Optimizing Higher Order Functions with Hypothetical Inverses

4/29/2016 edit: Feel free to play with the code I’ve written to perform these transformations (in a very strange language called Maude): https://github.com/pschanely/wf-optimizer

Much of my independent-thinking life has been consumed by questions like this: How do we make compilers smart enough to know that “sum(reverse(x))” can be rewritten to “sum(x)”? Or that “reverse(reverse(x))” can be rewritten to “x”? Without special knowledge of what “sort” and “reverse” mean, these are challenging problems. I don’t know of any popular compilers that make these optimizations on their own. (please tell me about it if you know of one!)

Just recently, I noticed a pattern to perform these kinds of optimizations. I presume that some more general form of this has already been discovered and researched, but I couldn’t find such a discussion easily, so I’m going to quickly jot down my approach here.

Functional languages make use of a lot of higher order functions like map and reduce. In order to optimize these programs, you often want to move code between these functions. In general, doing so requires some sort of inductive proof, which is extremely difficult to do automatically. However, in more specialized cases, you can do something a little easier.
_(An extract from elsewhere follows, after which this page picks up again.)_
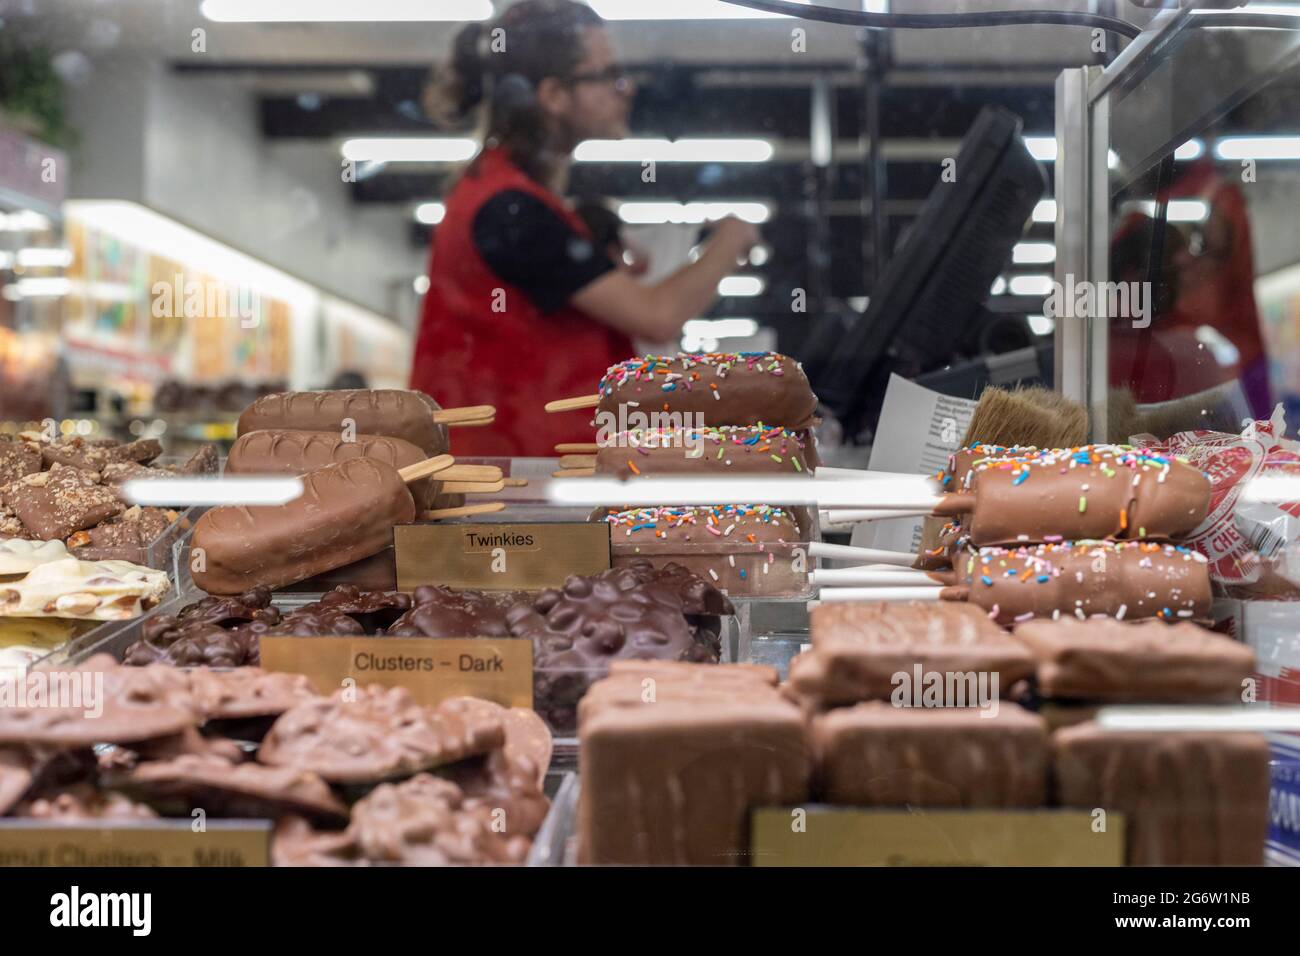 Phillipsburg, Missouri - Redmon's Candy Factory, ein großes Süßwarengeschäft, das für Reisende im Südwesten von Missouri stark beworben wird. Stockfoto

I’ll discuss three such special-case transformations below.

#1 Map-Map Transformation

This is the trivial one and, unlike the two following cases, is well-known and always possible. We simply compose the two functions in a single map:

    map(f1, (map(f2, l))
rewrites to
map(λ(x): f1(f2(x)), l)

#2 Map-Reduce Transformation

When a function, f, is mapped over a list and then passed to reduce, we may be able to push f over the reduce. We do this by first supposing the existence of an inverse of f, f⁻¹. The inverse function need not be known, and in most cases, will not even exist. That’s okay, though, because the rewriting process will only succeed if the instances of the inverse function are canceled out by instances of f. The transformation pushes f outside the reduce and, inside the reduce function, we apply f to the two inputs and f⁻¹ to the output:

    reduce(r, map(f, l))
rewrites to
f(reduce(λ x,y: f⁻¹(r(f(x), f(y))), l))
if, after simplification, the call to f⁻¹ is eliminated

I find this a little easier to understand as a graph of operations:

In order to cancel the instance of f⁻¹, we will have to push f through r, possibly changing r along the way. This mixing of the code in f and r can produce some exciting optimization opportunities.

An Example

Consider this case:

reduce(max, map(incr, l))

Here, I presume “incr” to be a function that adds one to its argument, and “max” to be a function that returns the largest of its two arguments. In this example, the call to map() is wasteful; we don’t need to increment every element in the list. Instead, we could have just taken the maximum and incremented that value afterwards. Let’s try to make that optimization. Applying the Map-Reduce transformation above, we get:

incr(reduce(λ x,y: incr⁻¹(max(incr(x), incr(y))), l))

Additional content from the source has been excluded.